The power management integrated circuit(PMIC) for CCD image sensor is presented in this study. A CCD image sensor is very sensitive against temperature. The temperature, that is heat, is generally generated by the PMIC with low efficiency. Since the generated heat influences performance of CCD image sensor, it should be minimized by using a PMIC which has a high efficiency. In order to develop the PMIC with high efficiency, the input stage is designed with synchronous type step down DC-DC converter. The operating range of the converter is from 5V to 15V and the converter is controlled using PWM method.
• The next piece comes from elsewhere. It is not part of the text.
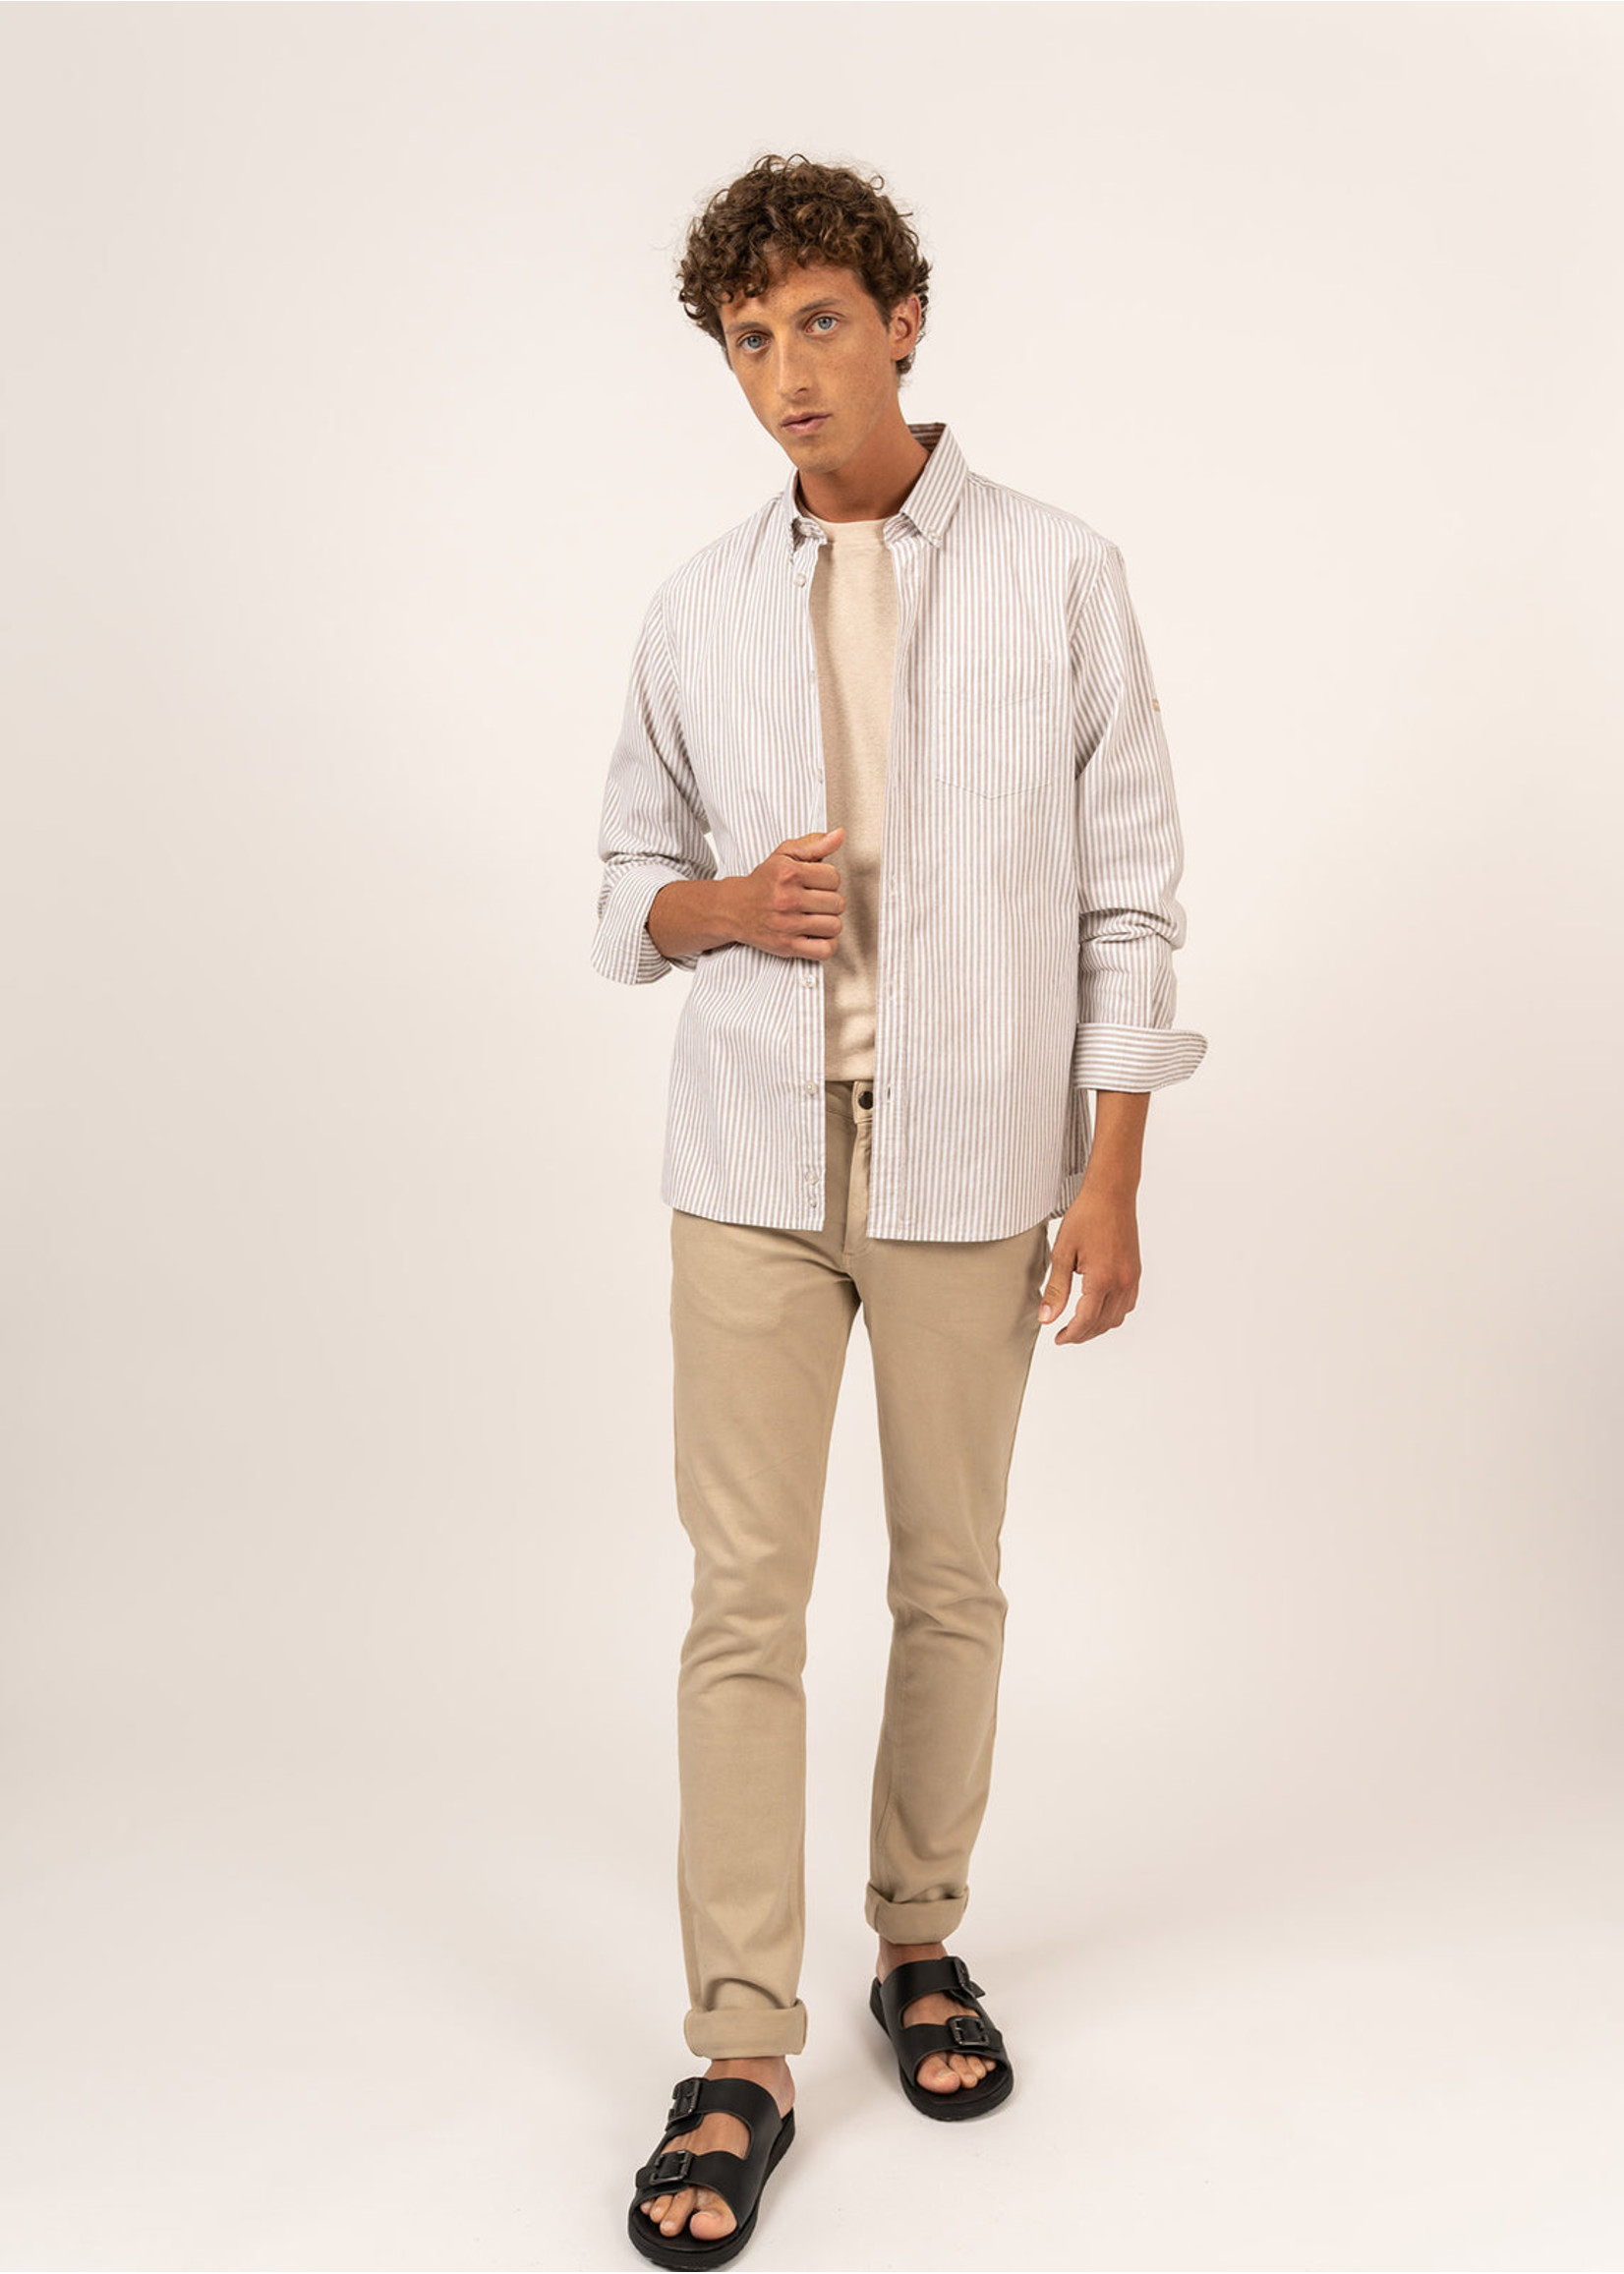 SAINT-JAMES Men's Mathias cotton and linen striped shirt
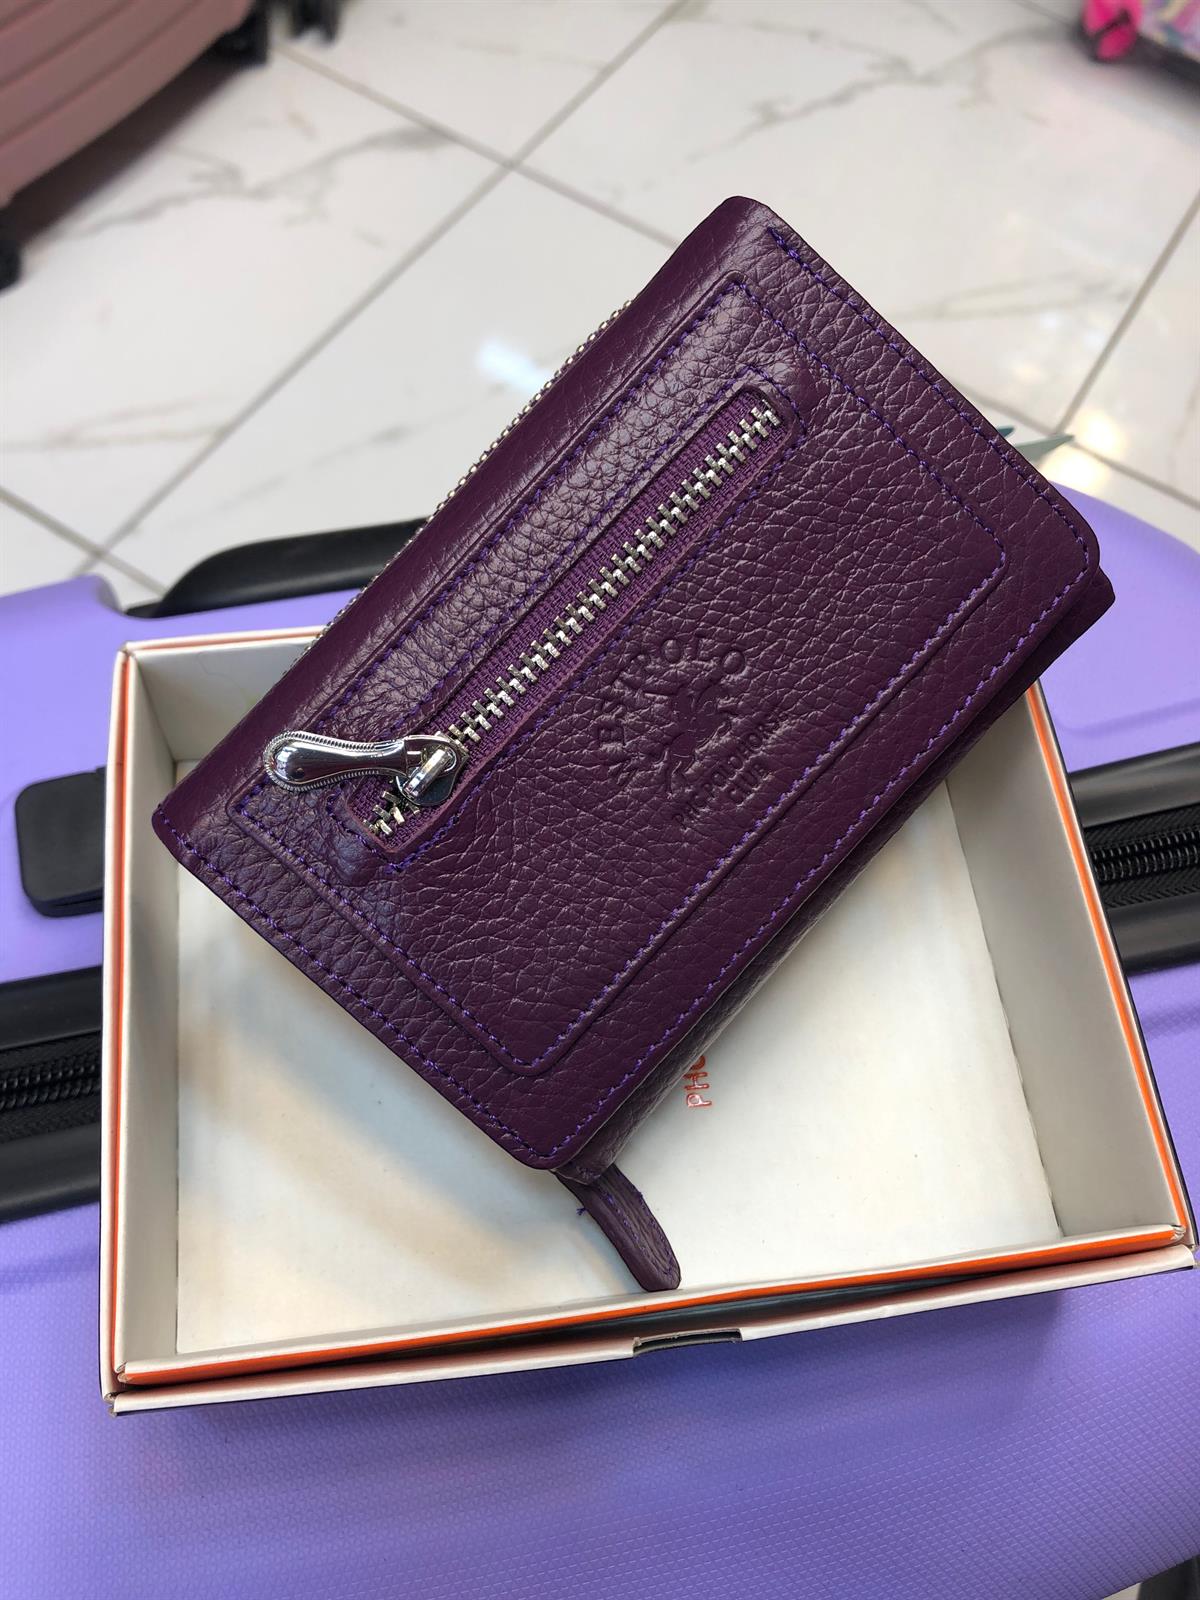 Mor kadın cüzdan mürdüm para çantası ebat 15cm10 gerçek deri kadın cüzdanı  |elizabell.com.tr

The PWM control circuit consists of a saw-tooth generator, a band-gap reference circuit, an error amplifier and a comparator circuit. The saw-tooth generator is designed with 1.2MHz oscillation frequency. The comparator is designed with the two stages OP Amp. And the error amplifier has 40dB DC gain and $77^{\circ}$ phase margin. The output of the step down converter is connected to input stage of the charge pump. The output of the charge pump is connected to input of the LDO which is the output stage of the PMIC. Finally, the PMIC, based on the PWM control circuit and the charge pump and the LDO, has output voltage of 15V, -7.5V, 3.3V and 5V. The PMIC is designed with a 0.35um process.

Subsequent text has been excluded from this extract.